For pfctl i had tried {"pfctl -a f2b/<name>" (default value! creepy but okay), "pfctl -a f2b", "pfctl -a fail2ban"} and for tablename {"f2b", "fail2ban"} - separately, one after another.


In my opinion are the following lines interesting. Are they correctly?
Code:
actionban = <pfctl> -t <tablename>-<name> -T add <ip>
actionunban = <pfctl> -t <tablename>-<name> -T delete <ip>
#pfctl = pfctl -a f2b/<name>
 
Hi Leonard,

I'm seeing exactly the same problem - would you mind telling how you solved the problem on your side? Maybe I'm having the same error.

Regards,
Tobias
 
For any future visitors to this page, I should add that there might be some slight changes in the latest fail2ban (0.10.x +). Details can be found on this page here: http://www.purplehat.org/?page_id=566 and there was also a discussion on git about the topic (scroll to the end if you don't want to read through the whole thing) which can be seen here: https://github.com/fail2ban/fail2ban/issues/1915

The crux of it is that in addition to setting banaction to pf, one needs to add
Code:
anchor "f2b/*"
at/near the top of the /etc/pf.conf file.

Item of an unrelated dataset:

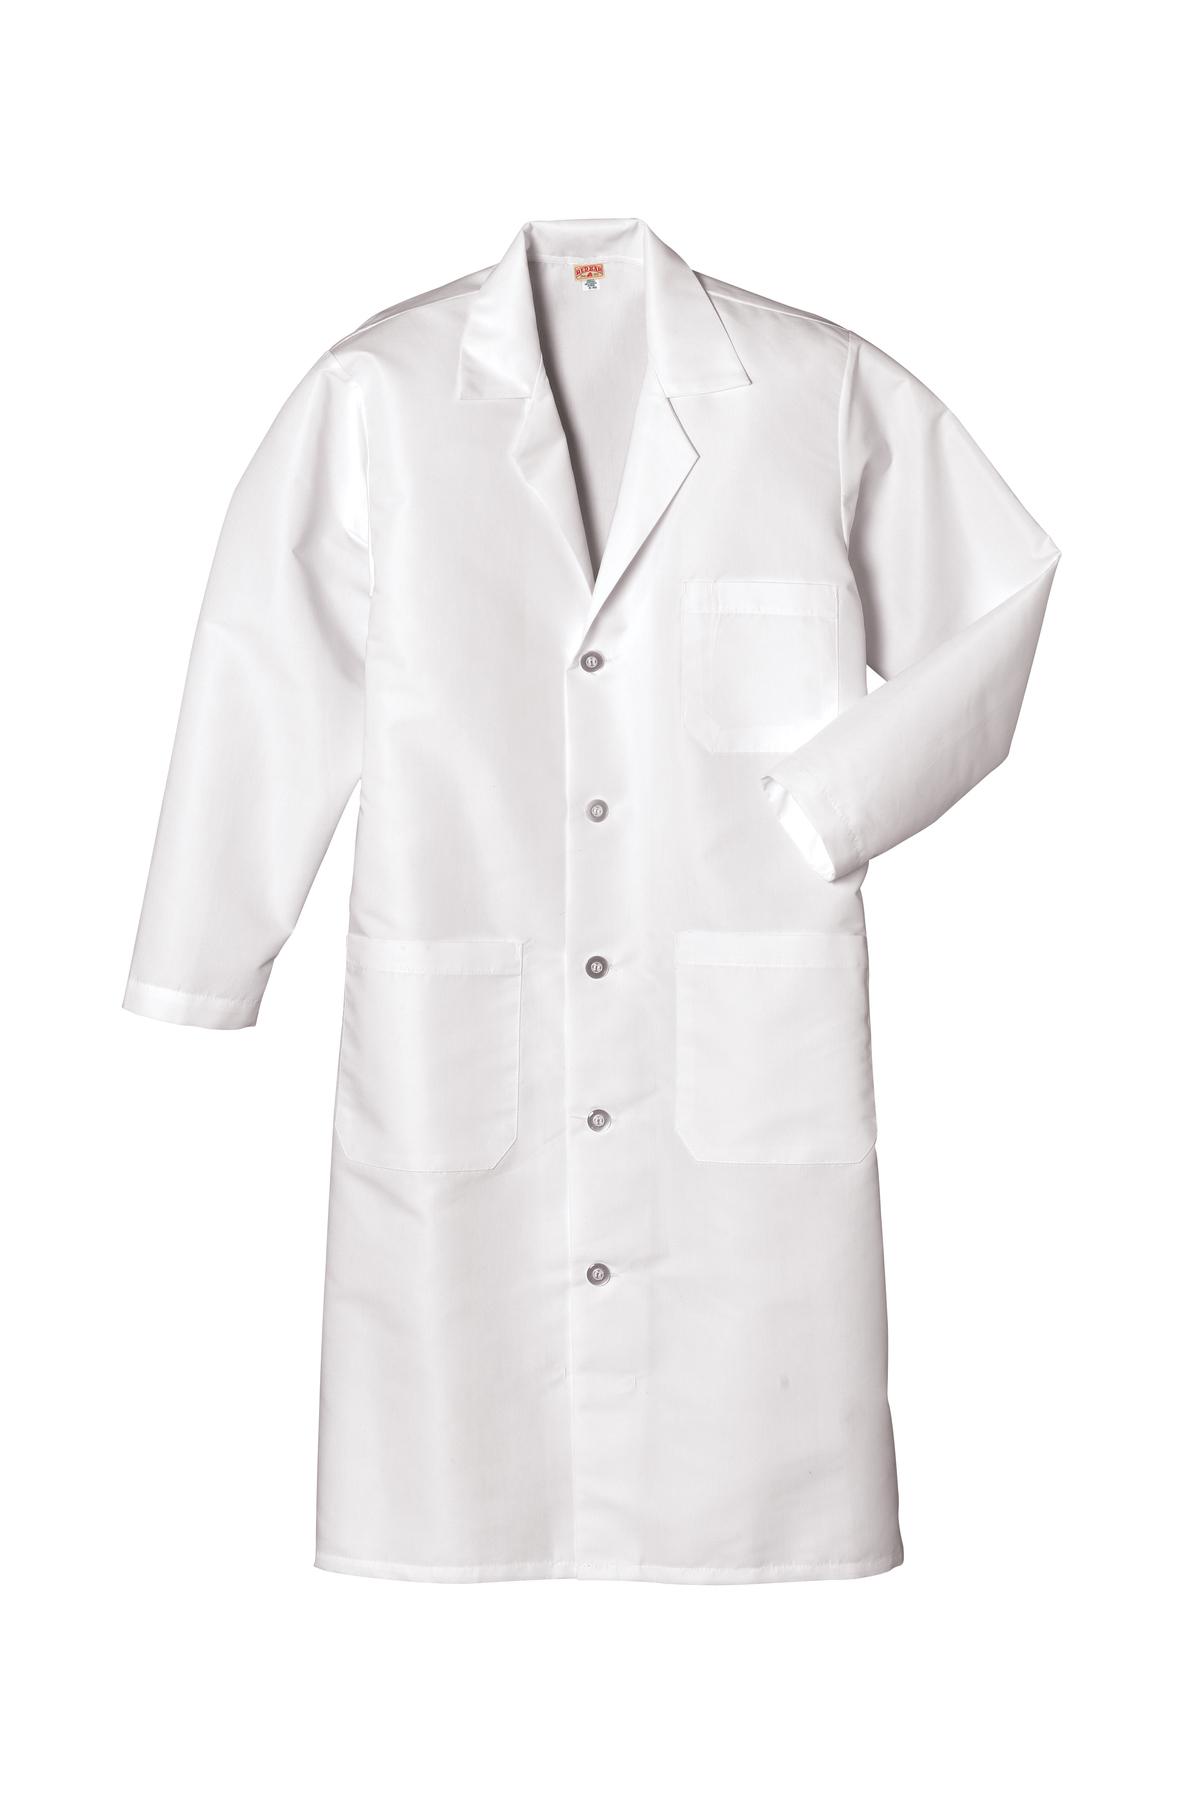 Red Kap Lab Coat  MedicalScrubs  Workwear  SanMar

The following is copied from the aforementioned purplehat page to ensure that this answer is self-contained, and appropriate changes will need to be made for individual use-cases.

Very basic example of /etc/pf.conf:
Code:
# define macros for each network interface
ext_if = "rl0"

icmp_types = "echoreq"
allproto = "{ tcp, udp, ipv6, icmp, esp, ipencap }"
privnets = "{ 127.0.0.0/8, 192.168.0.0/16, 172.16.0.0/12, 10.0.0.0/8 }"

set loginterface $ext_if

scrub in on $ext_if no-df random-id

# Anchor for fail2ban
anchor "f2b/*"

Excerpt of /usr/local/etc/fail2ban/jail.local:
Code:
[DEFAULT]
banaction = pf[actiontype=<allports>]
banaction = pf[actiontype=<multiport>]
Example of a fail2ban jail:
Code:
[bsd-ssh-pf]
enabled = true
filter = bsd-sshd
logpath = /var/log/auth.log
findtime = 600
maxretry = 3
bantime  = 86400
 
Although there's nothing wrong with simply setting up an extra anchor and then let pf parse those rules it is usually safer to associate the anchor with a specific device. For example:

Code:
anchor "blacklistd/*" in on $ext_if
This makes sure that the rules within blacklistd are only used for incoming data on ext_if (where ext_if is obviously a macro pointing to my real NIC).
 
Although there's nothing wrong with simply setting up an extra anchor and then let pf parse those rules it is usually safer to associate the anchor with a specific device. For example:

Code:
anchor "blacklistd/*" in on $ext_if
This makes sure that the rules within blacklistd are only used for incoming data on ext_if (where ext_if is obviously a macro pointing to my real NIC).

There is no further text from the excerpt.